In-Depth
Traveling at a Zillion Events Per Second
- By John K. Waters
- June 1, 2005
Talking Points
ZOOM, ZOOM
- Implementing a SIM solution can be a challenge because enterprise network
security systems consist of devices and software accumulated piecemeal.
- One benefit of Sarbox: some IT managers say their budgets have been fattened
with dollars earmarked for compliance-related purchases.
- A market shift may come as organizations begin developing their security
strategies within the context of a “vulnerability management ecosystem.”
Security-related software and systems such as firewalls, intrusion detection
systems, operating system logs and antivirus apps spin out zillions of events
per second. Getting a handle on all that data is the thinking behind security
information management software, which is designed to help organizations sift,
sort and generally make sense of their security stuff. |
An increasing number of enterprises also are banking on security information
management apps to help them meet federal compliance regulations like Sarbanes-Oxley.

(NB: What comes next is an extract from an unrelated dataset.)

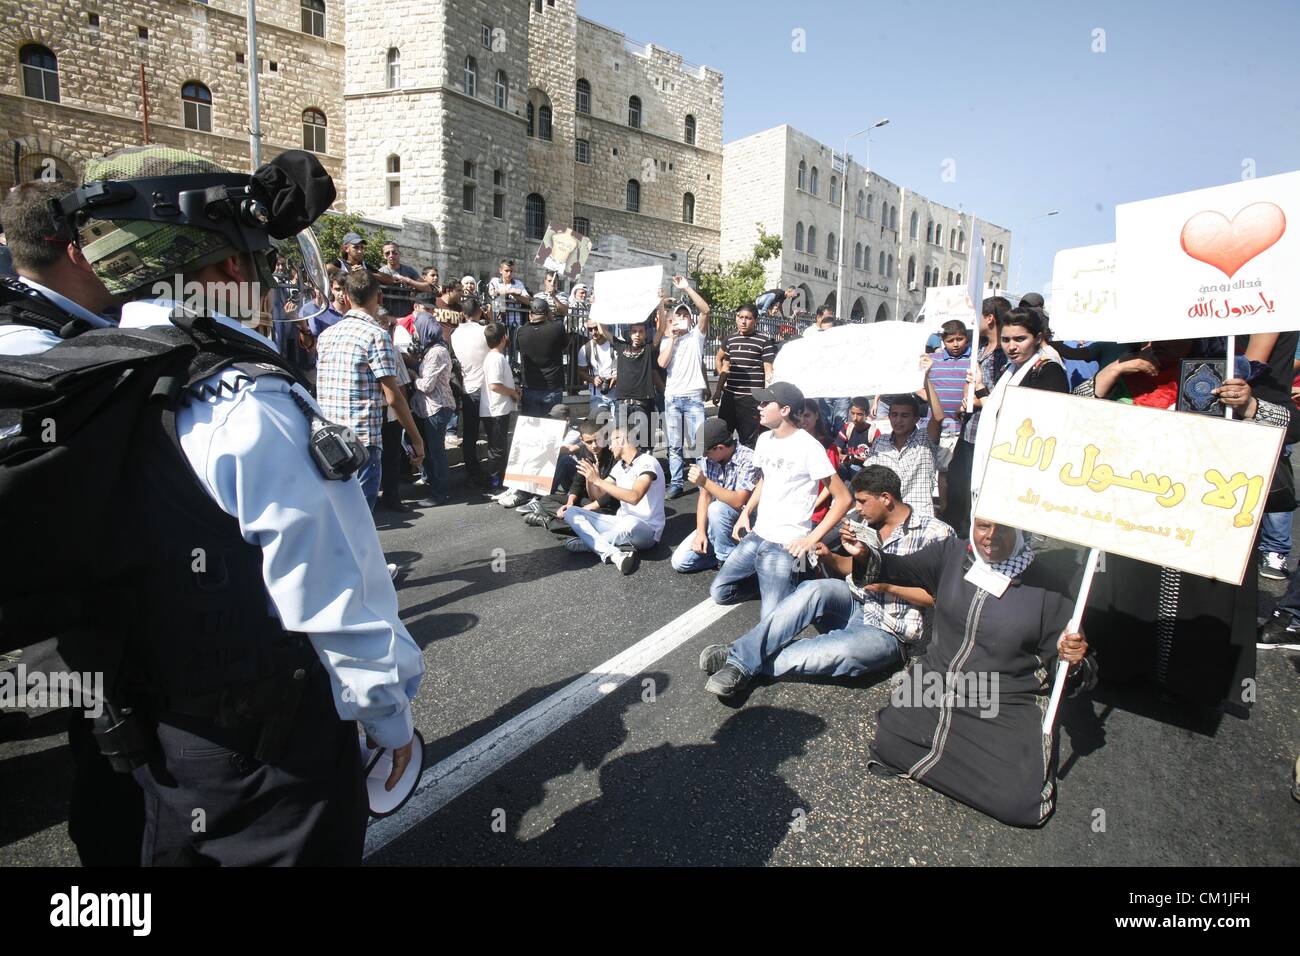 Sept. 14, 2012 - Jerusalem, Jerusalem, Palestinian Territory - Israeli policemen repress a demonstration against the controversial film 'Innocence of Muslims' in front of al-Aqsa Mosqe in Jerusalem, on September 14, 2012. The controversial low budget film reportedly made by an Israeli-American which portrays Muslims as immoral and gratuitous, sparked fury in Libya, where four Americans including the ambassador were killed on Tuesday when a mob attacked the US consulate in Benghazi, and has led to protests outside US missions in Morocco, Sudan, Egypt, Tunisia and Yemen  (Credit Image: © Mahfouz Stock Photo

One result: some IT managers say their budgets have been fattened with dollars
earmarked for compliance-related purchases. As promising as these technologies
are, implementing a SIM solution undoubtedly will be a challenge for most organizations.
More often than not, enterprise network security systems consist of devices
and software accumulated piecemeal over time from several different vendors.
Many companies simply underestimate the complexity of the job, says META Group
analyst Paul Proctor.
“They read the marketing literature, see these full-featured, Cadillac-like
systems with all these capabilities, and their common sense goes out the window,”
Proctor says. “It’s not so much that the SIM vendors are over-promising,
it’s that the users don’t recognize just what it’s going to
take to implement these solutions. You have to take a close look at your organization,
define your needs and set realistic expectations up front.” Start by deciding
exactly what it is you’re trying to do, Proctor advises. Are you after
forensic analysis capabilities? Are you trying to identify patterns in large
amounts of standardized data? Is your goal is to make sense of a huge amount
of non-standardized, non-linear, rapidly changing, highly sensitive security
information collected from a large set of quickly evolving products from a range
of vendors? You get the idea. (See related story, “Three
things that make you go hmm....”)
“I’ve often advised people just to sit down with a piece of paper
and draw the charts they want to see,” says Amrit Williams, an analyst
at Gartner. “Something as simple as that can get you focused, so that
you know exactly what you want before you begin evaluating products.”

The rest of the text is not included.